▶ Recorded data
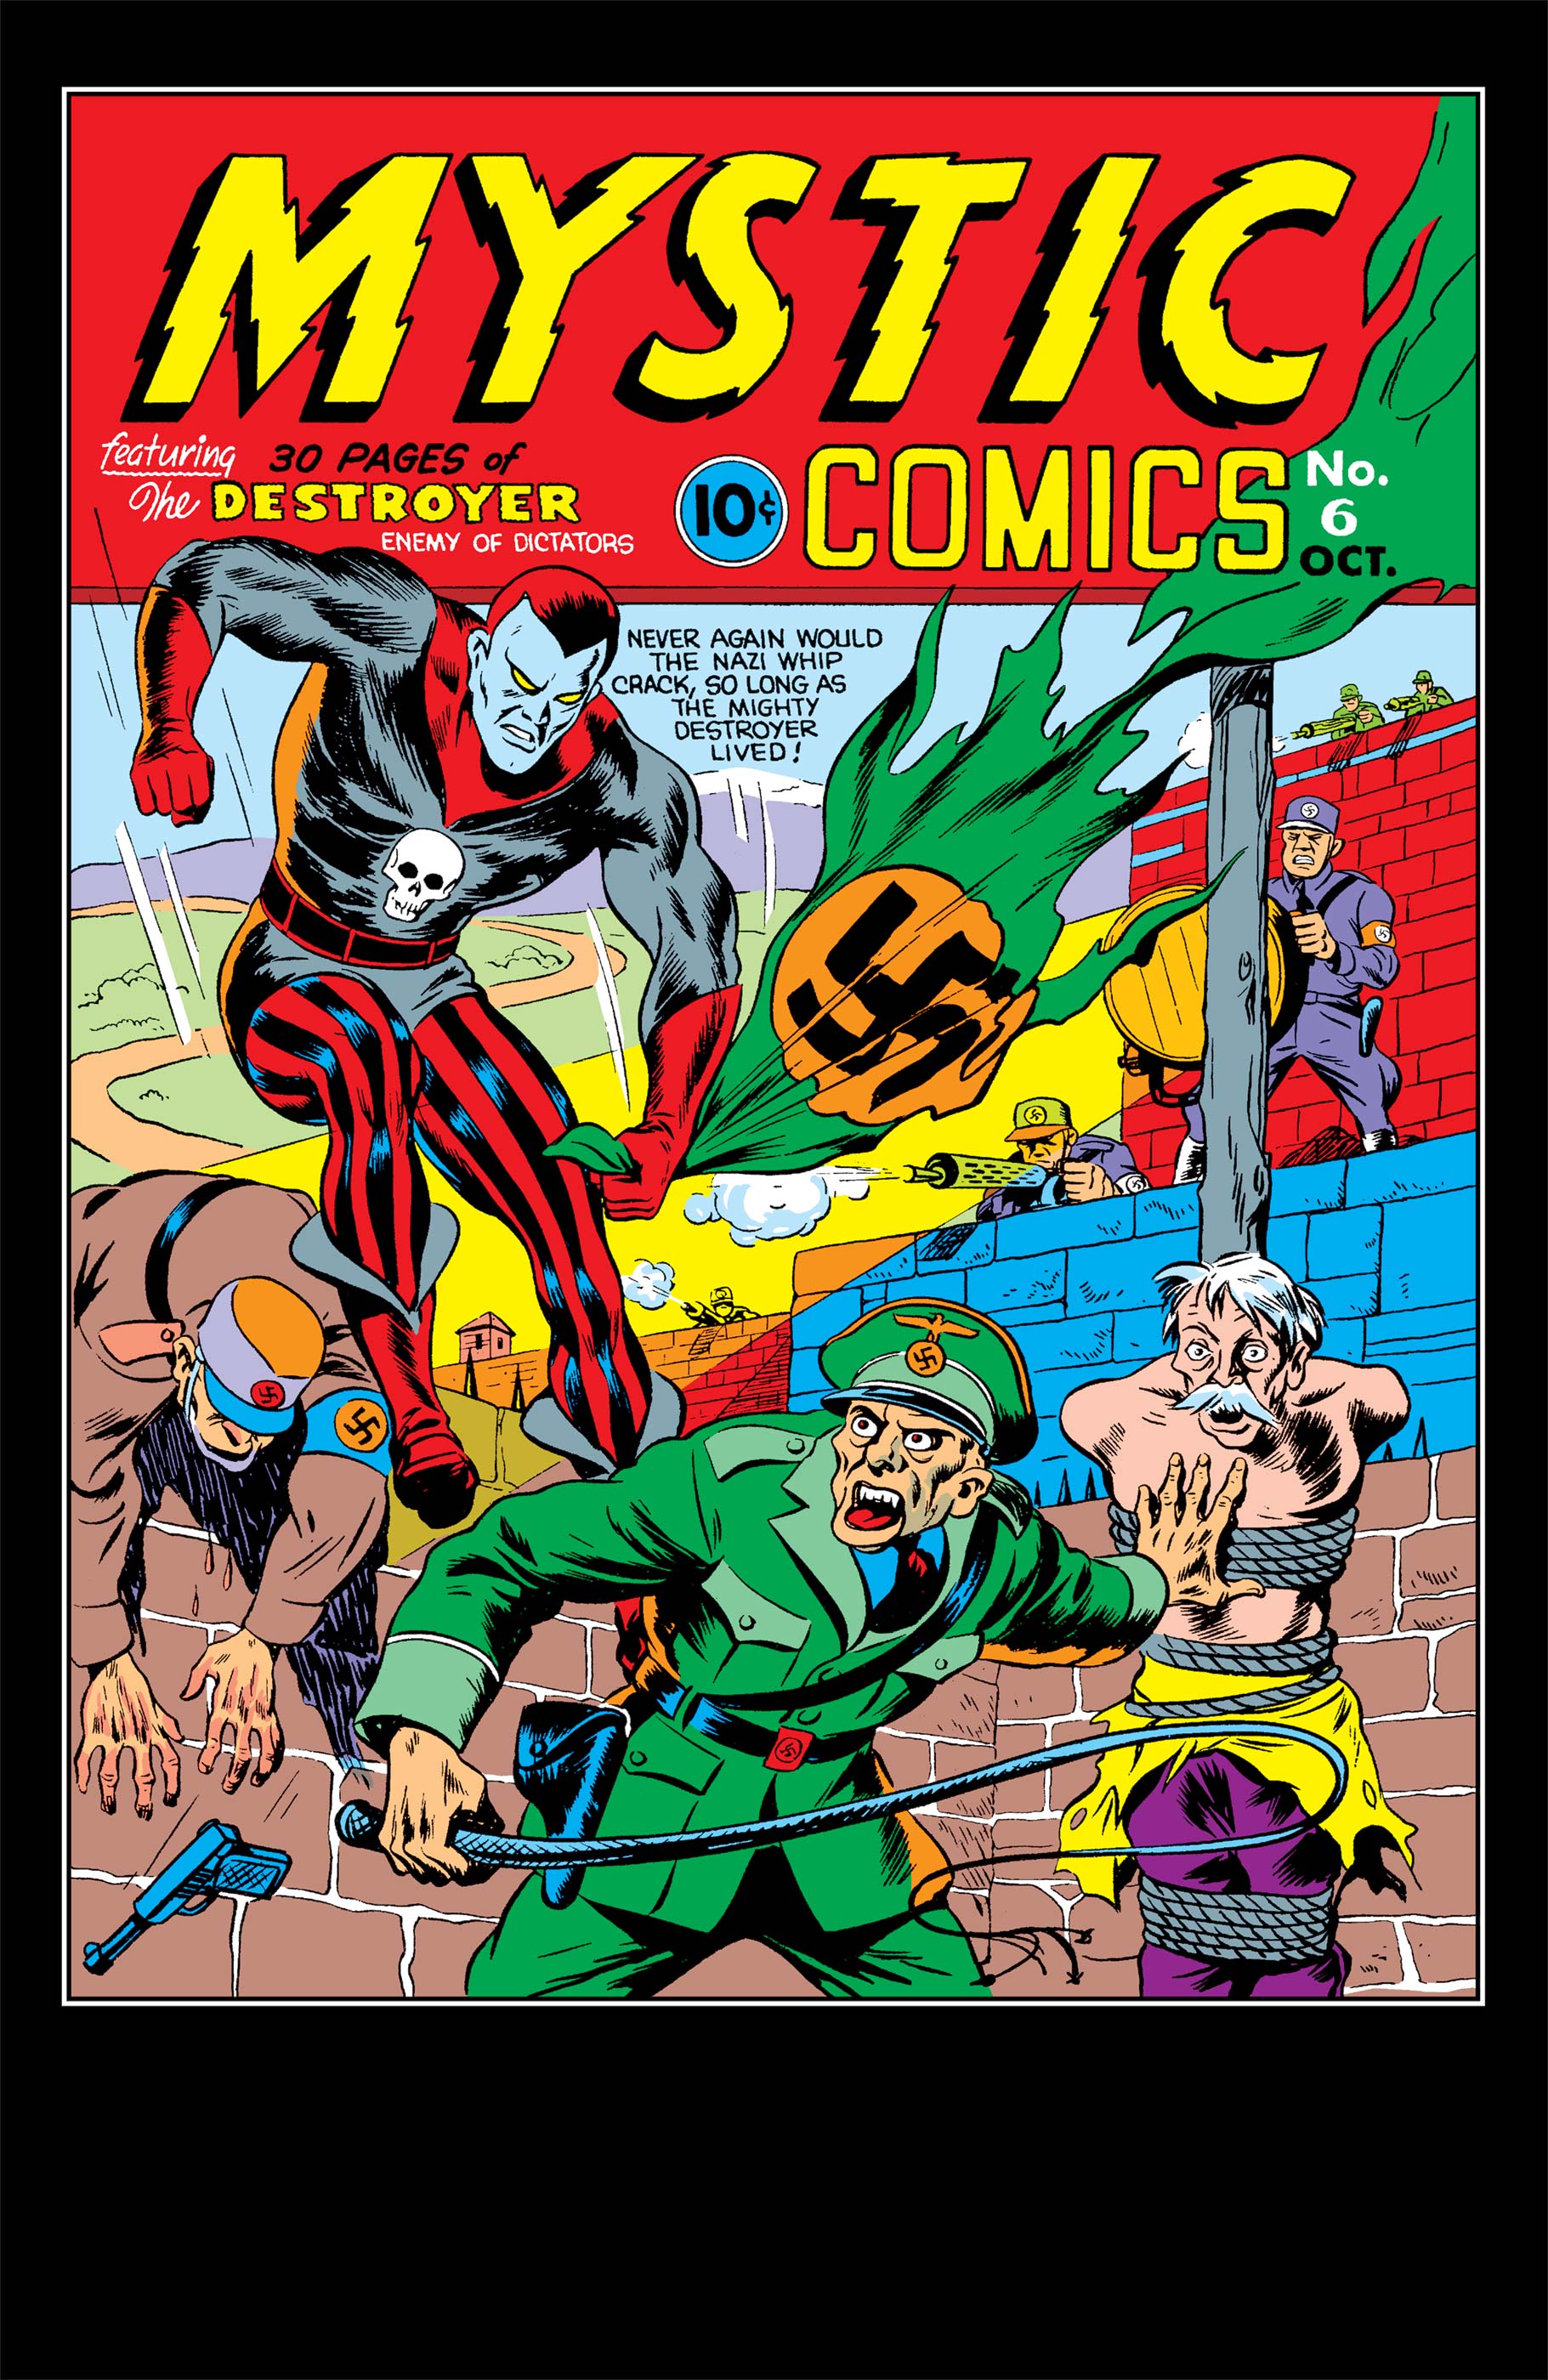 Mystic Comics (1940) #6
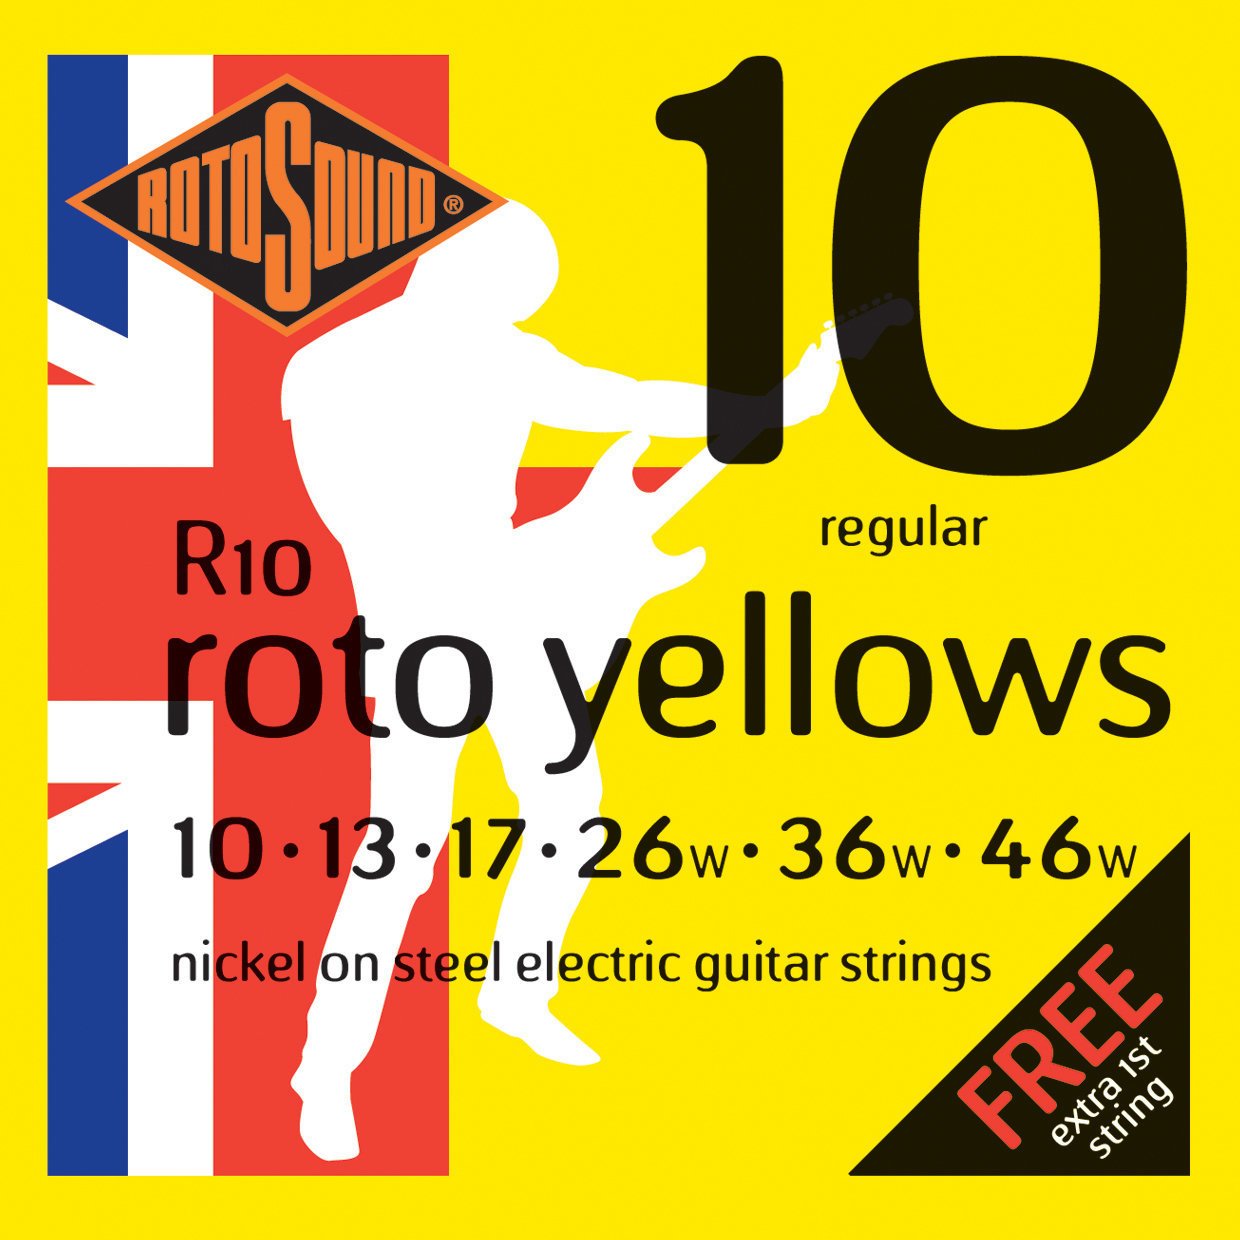 Struny pro elektrickou kytaru Rotosound R10
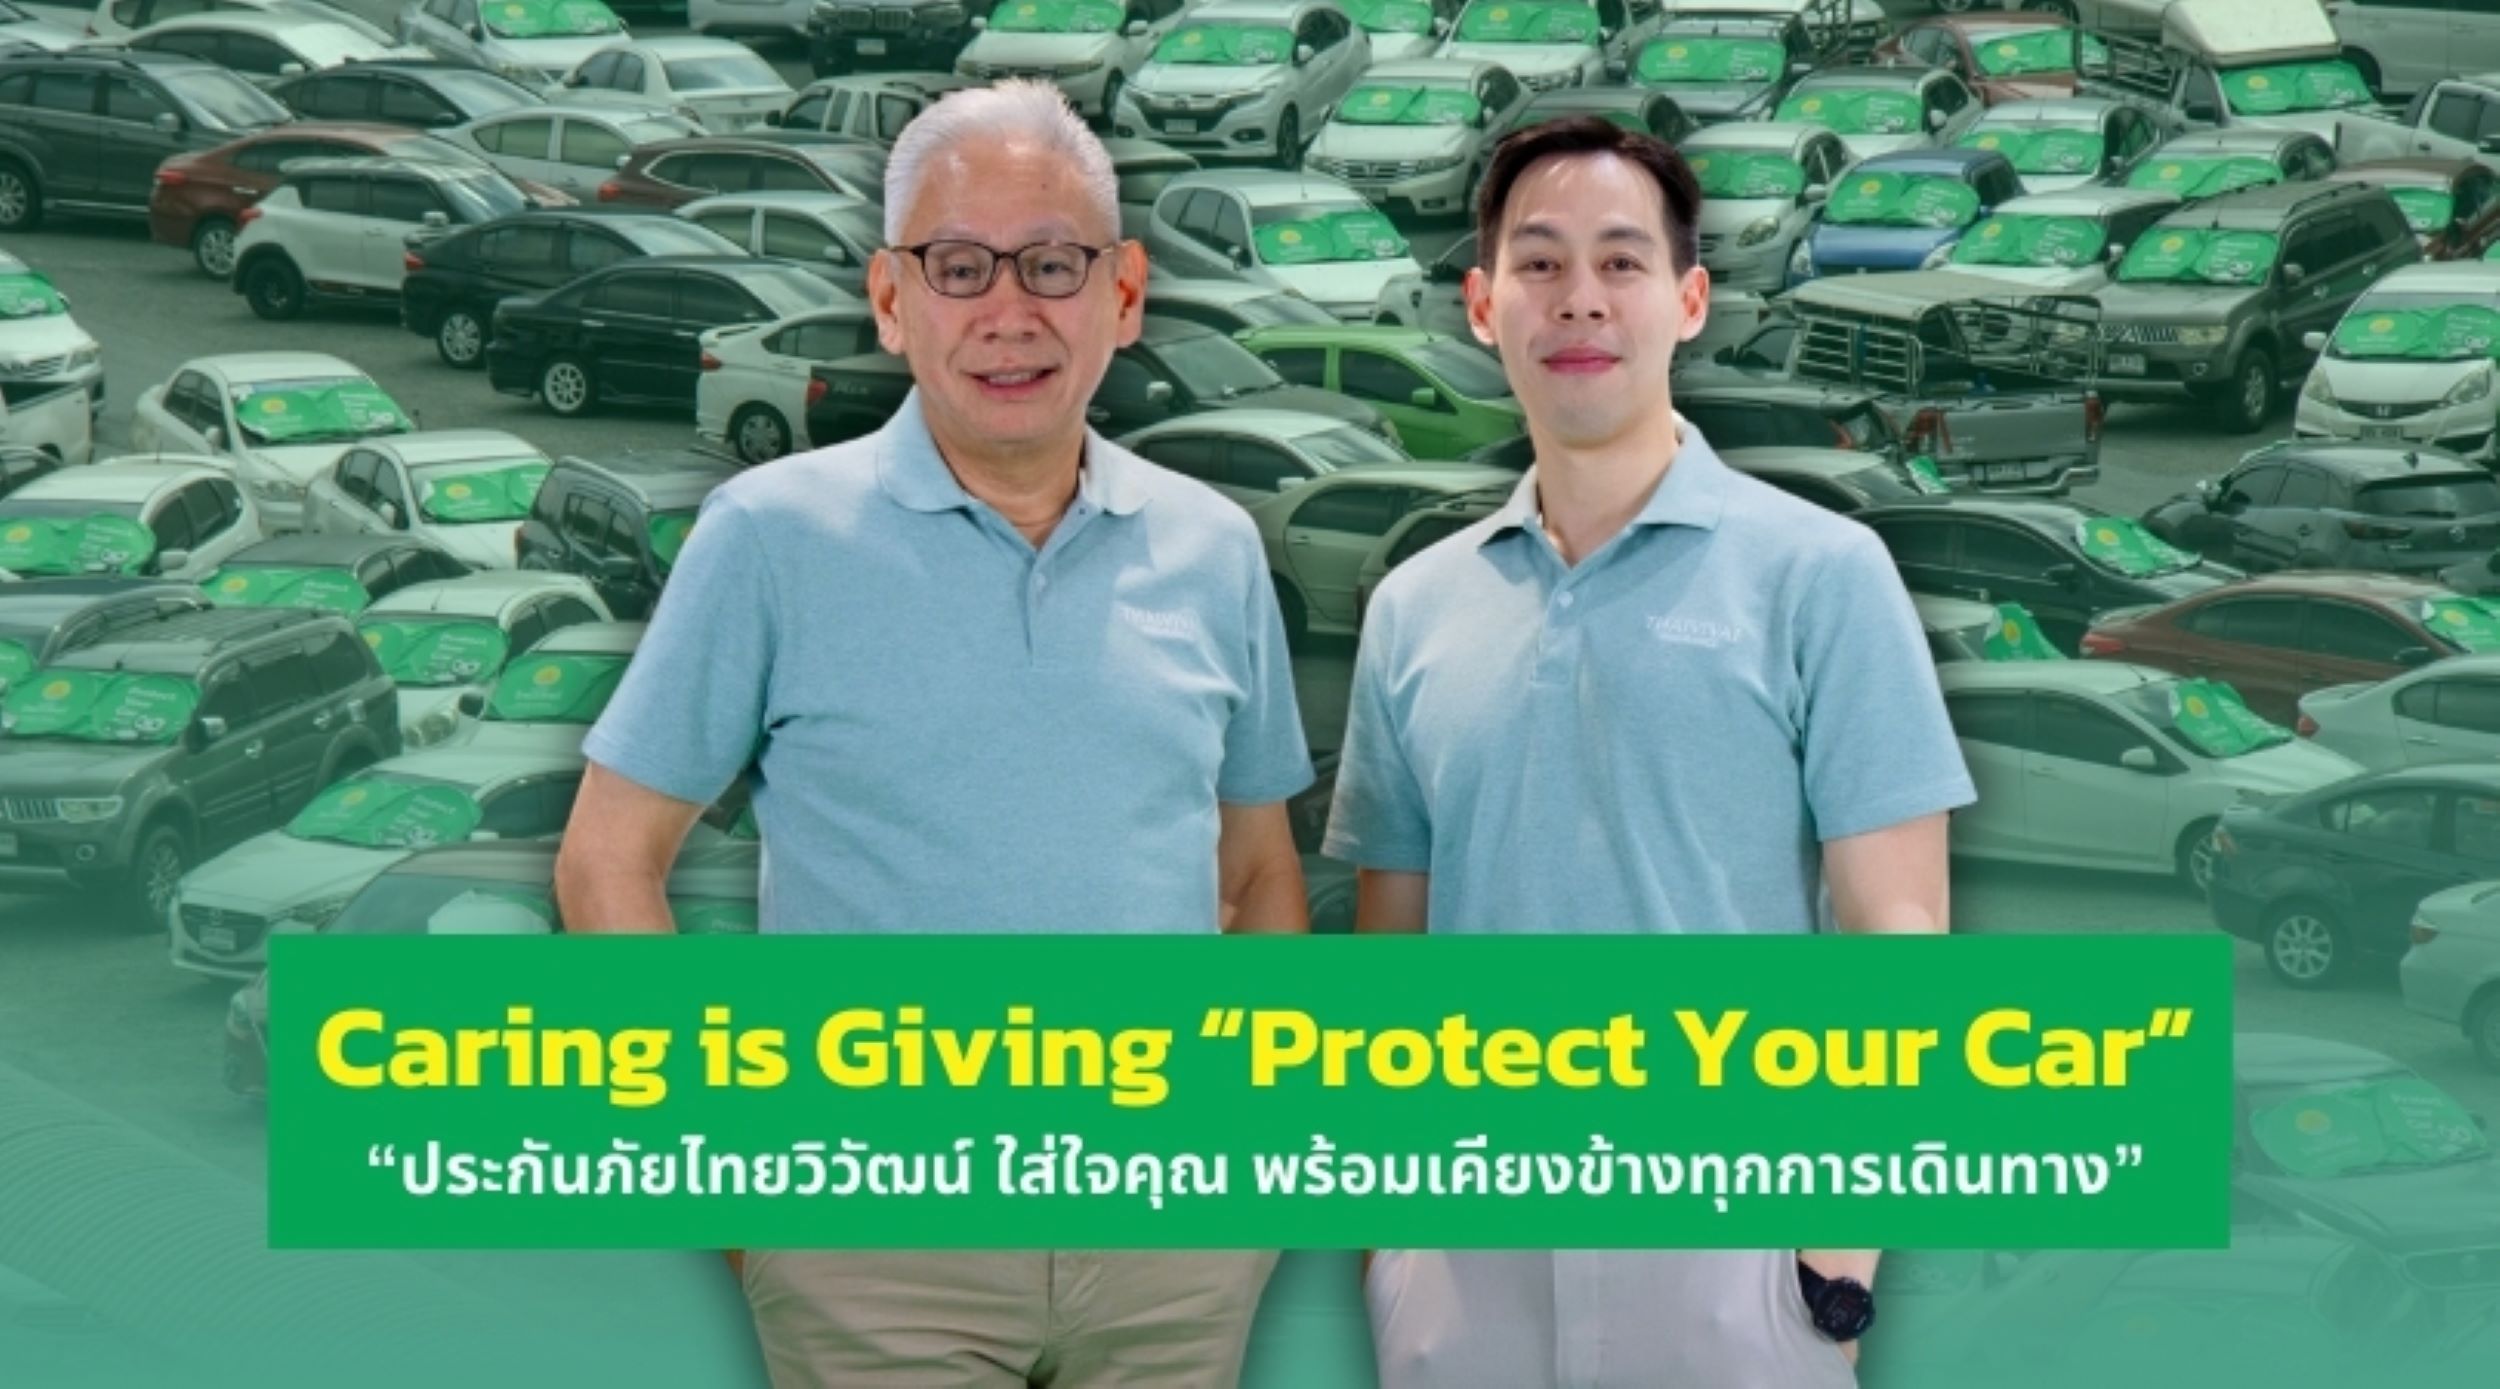 Caring is Giving “Protect Your Car” “ประกันภัยไทยวิวัฒน์ ใส่ใจคุณ พร้อมเคียงข้างทุกการเดินทาง” ชวนลดความเสี่ยง ปกป้องรถที่คุณรักอย่างยั่งยืน สำนักพิมพ์แม่บ้าน

▶ Exercise requirements
Return an exact transcription of the material, with its pictures left out.

▶ Written solution
 Mystic Comics (1940) #6
 Struny pro elektrickou kytaru Rotosound R10
 Caring is Giving “Protect Your Car” “ประกันภัยไทยวิวัฒน์ ใส่ใจคุณ พร้อมเคียงข้างทุกการเดินทาง” ชวนลดความเสี่ยง ปกป้องรถที่คุณรักอย่างยั่งยืน สำนักพิมพ์แม่บ้าน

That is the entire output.